WORK REQUIRED:
The lines to copy run from the one containing "Mini Boden skirt" to the very end of the records; give them exactly, and only them, without pictures.

Stored dataset items:
········
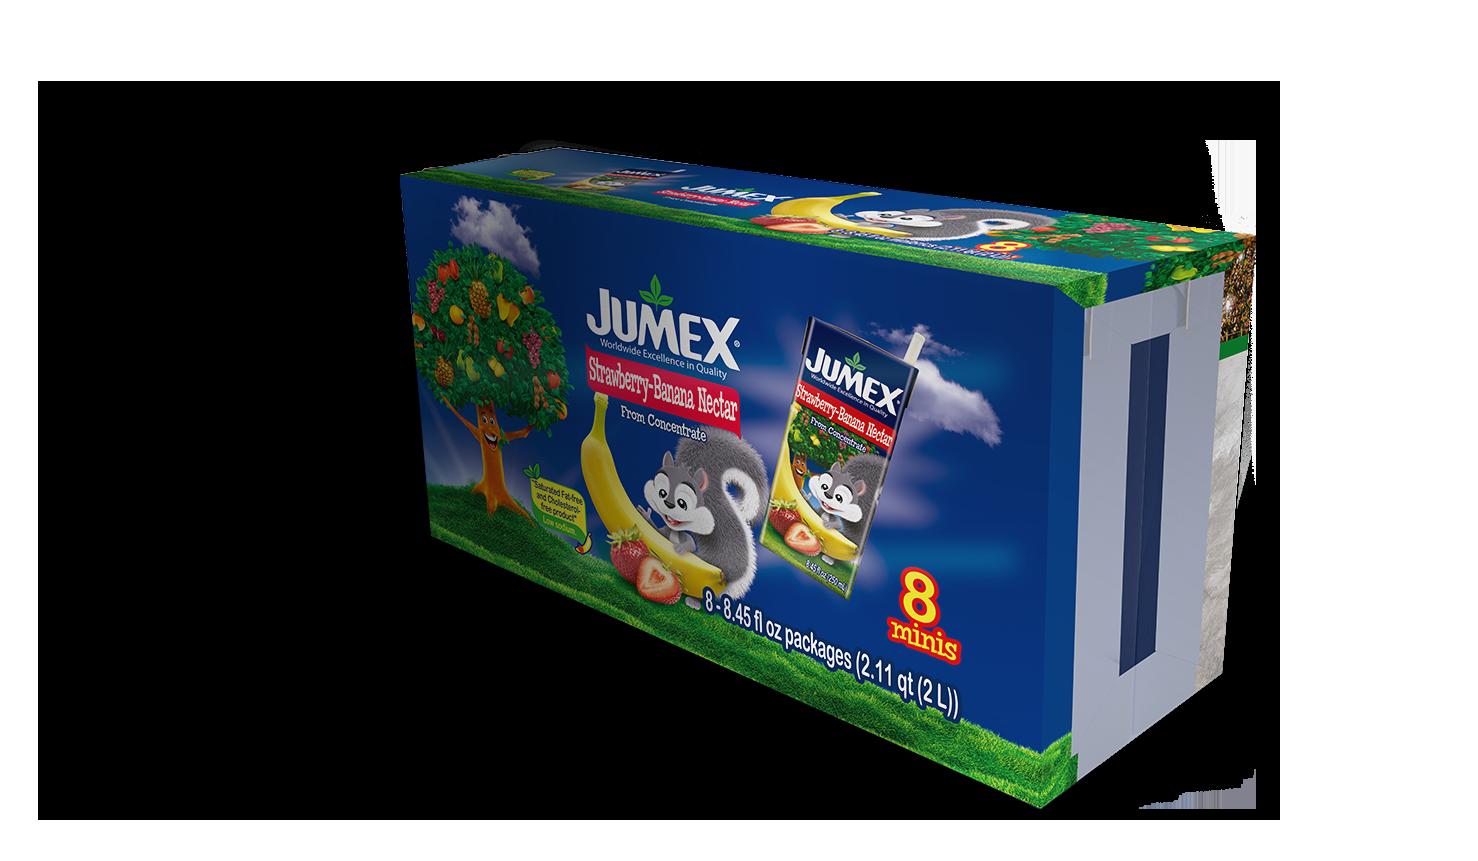 Jumex-LunchPack
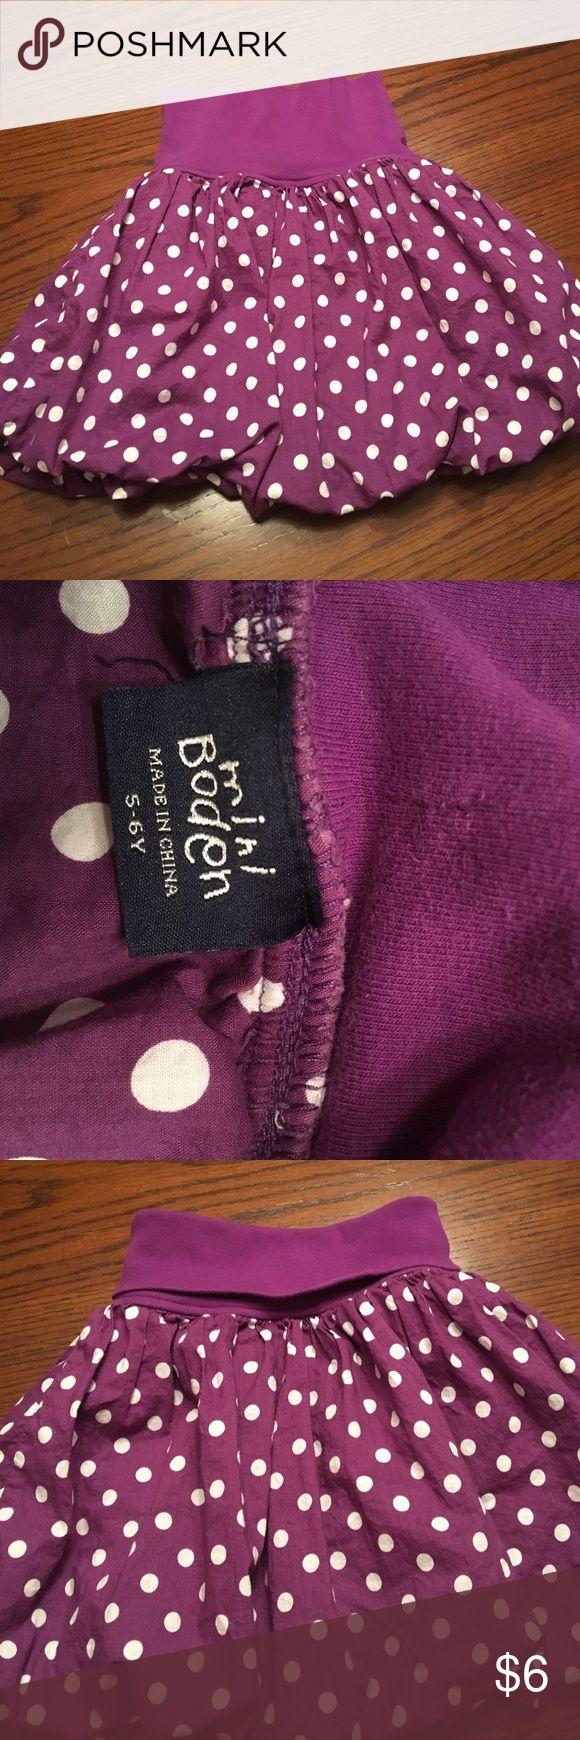 Mini Boden skirt Mini Boden puff skirt, cotton knit waist band, can fold down or leave up.  Cotton purple/white polka dots, cute! Mini Boden Bottoms Skirts
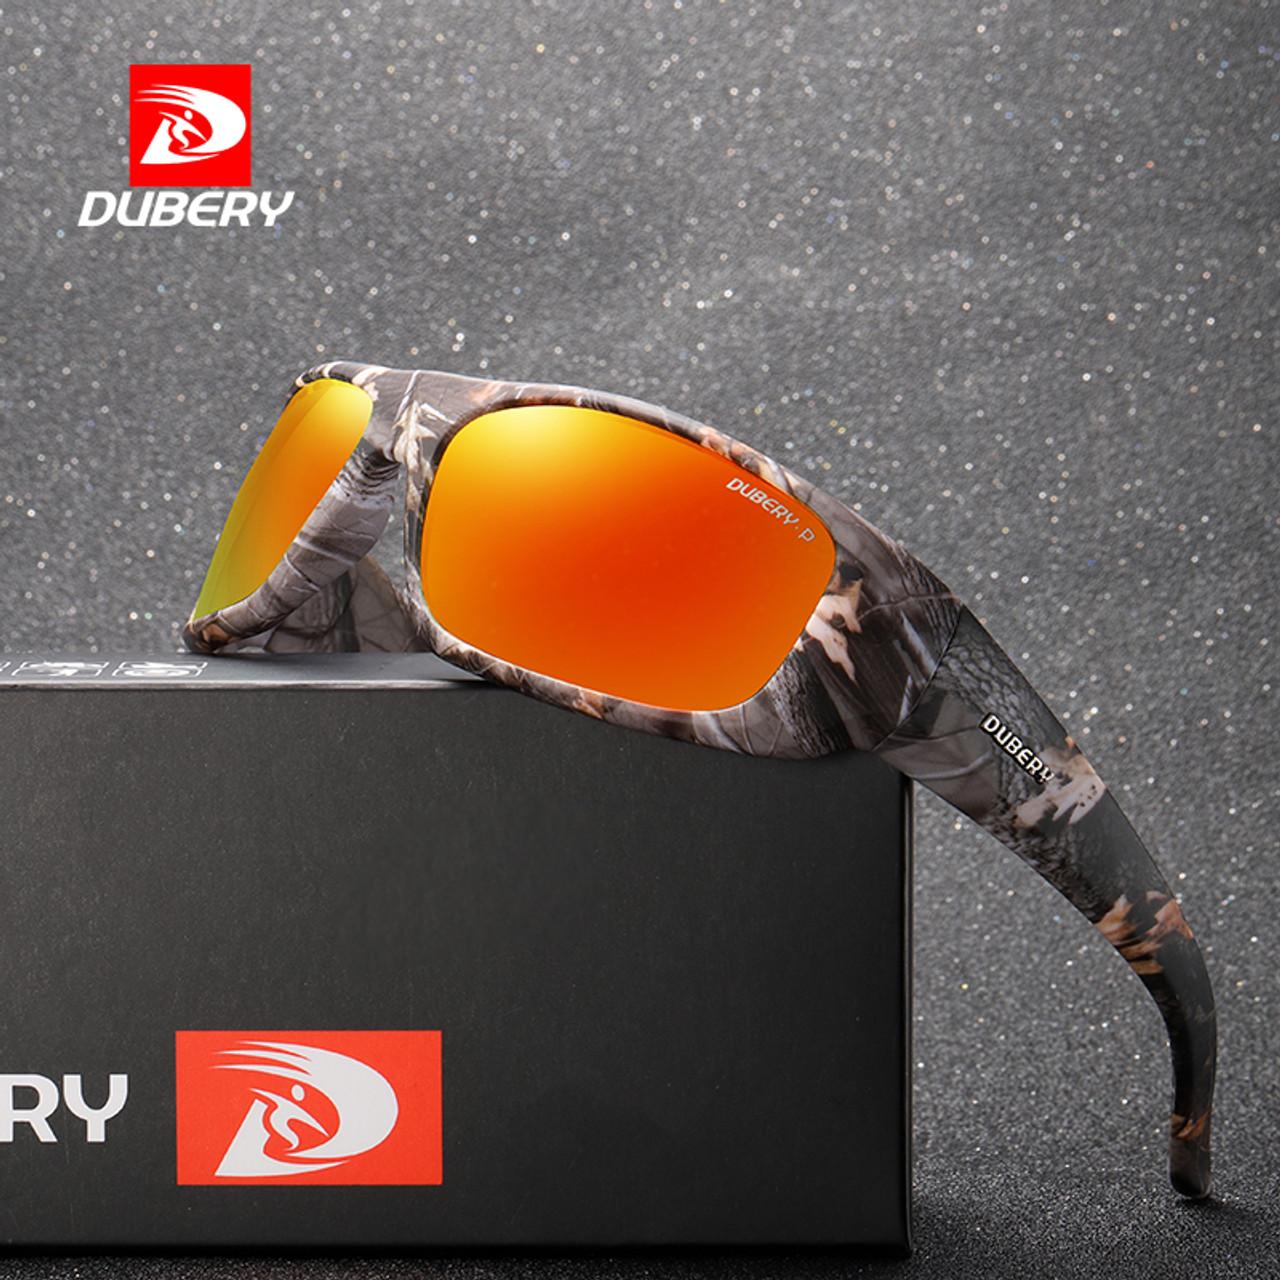 9bb0df75e1b9 DUBERY 2018 Luxury Brand Men Camouflage Frame Polarized Sunglasses Sports  Night Vision Aviator Sunglasses Eyewear Male ...
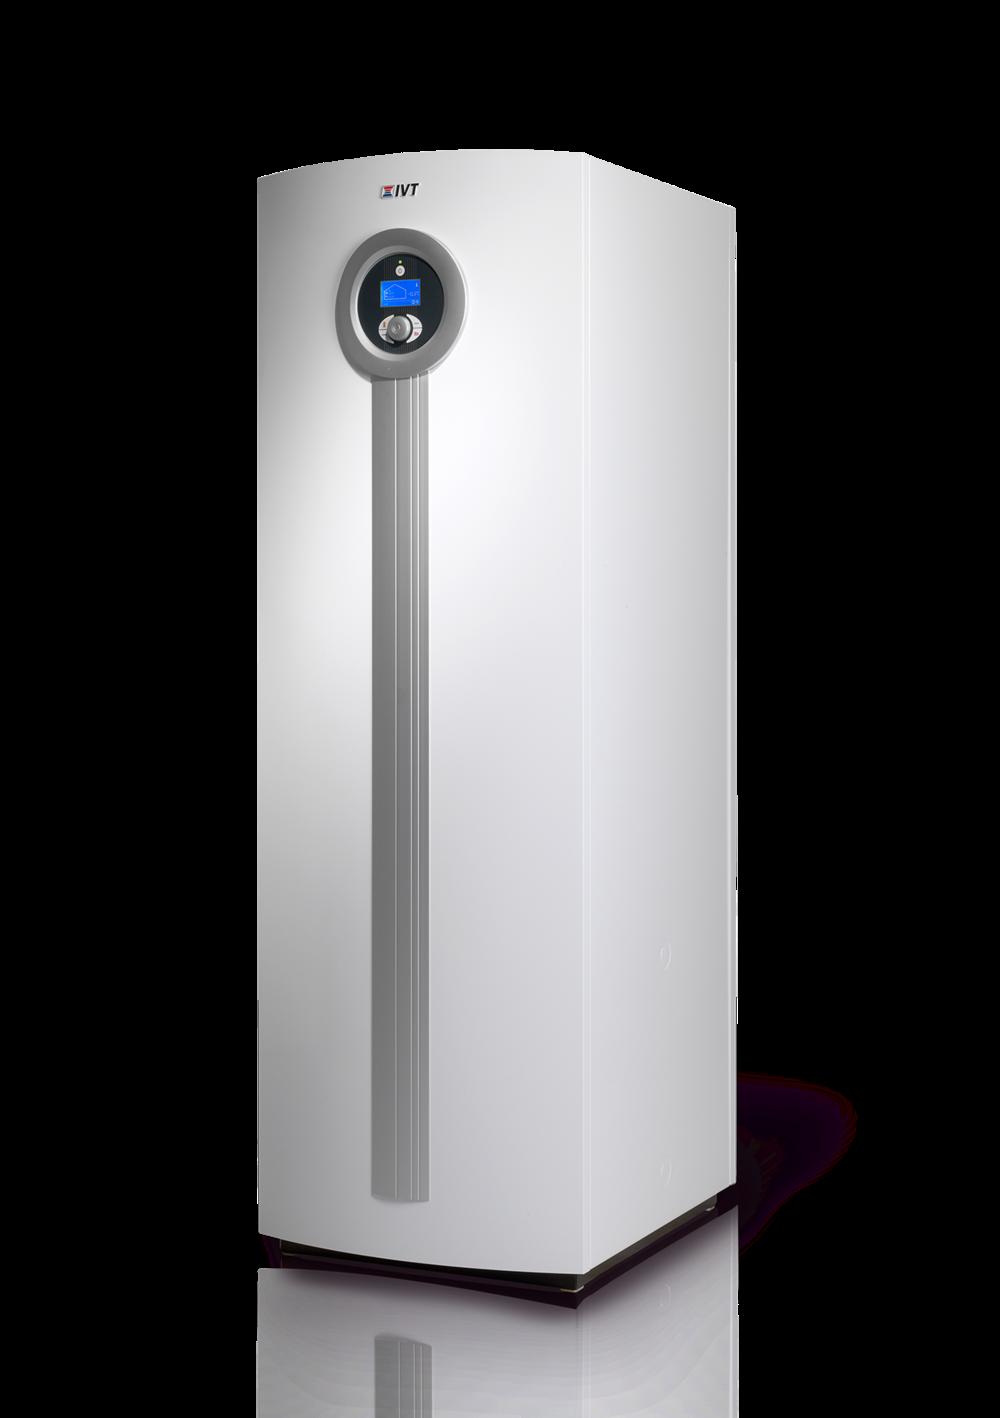 IVT Greenline HE Ground Source Heat Pump
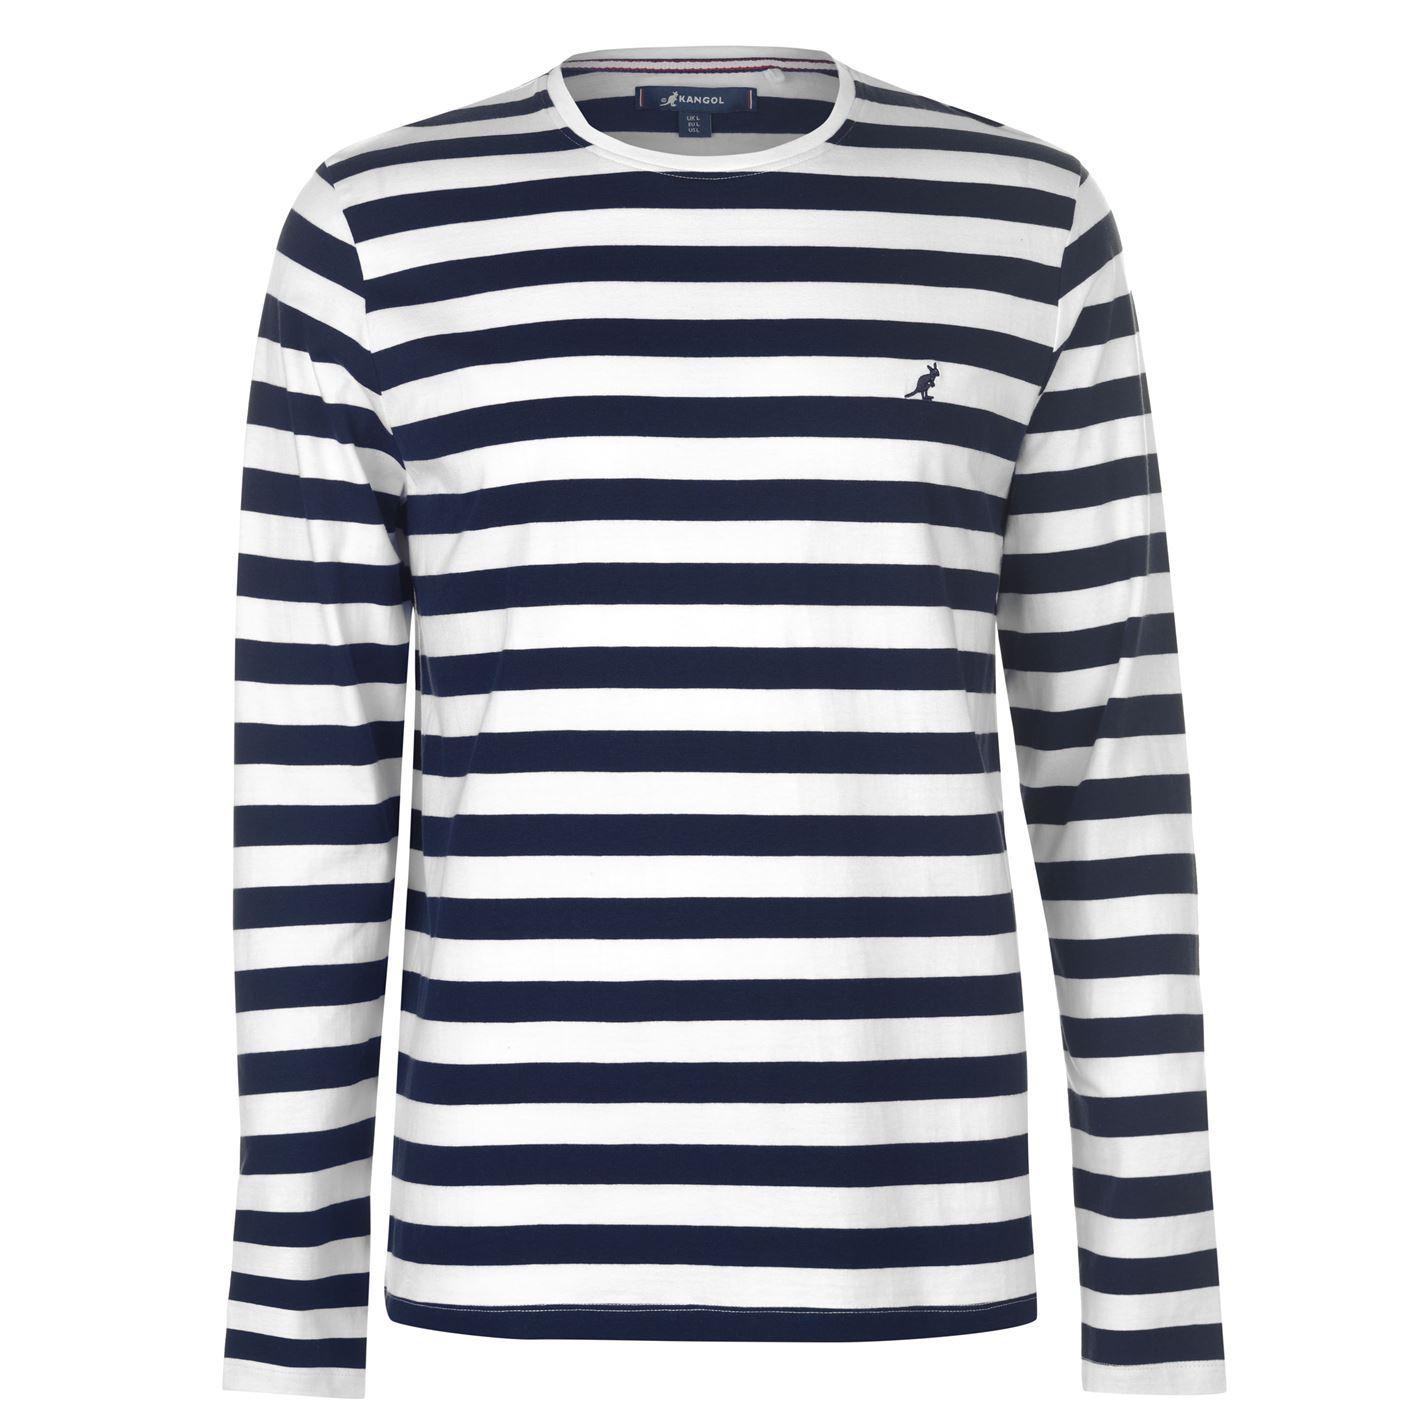 Kangol-Long-Sleeve-T-Shirt-Mens-Tee-Shirt-Top thumbnail 6
········
TASK SOLUTION:
 Mini Boden skirt Mini Boden puff skirt, cotton knit waist band, can fold down or leave up.  Cotton purple/white polka dots, cute! Mini Boden Bottoms Skirts
 9bb0df75e1b9 DUBERY 2018 Luxury Brand Men Camouflage Frame Polarized Sunglasses Sports  Night Vision Aviator Sunglasses Eyewear Male ...
 IVT Greenline HE Ground Source Heat Pump
 Kangol-Long-Sleeve-T-Shirt-Mens-Tee-Shirt-Top thumbnail 6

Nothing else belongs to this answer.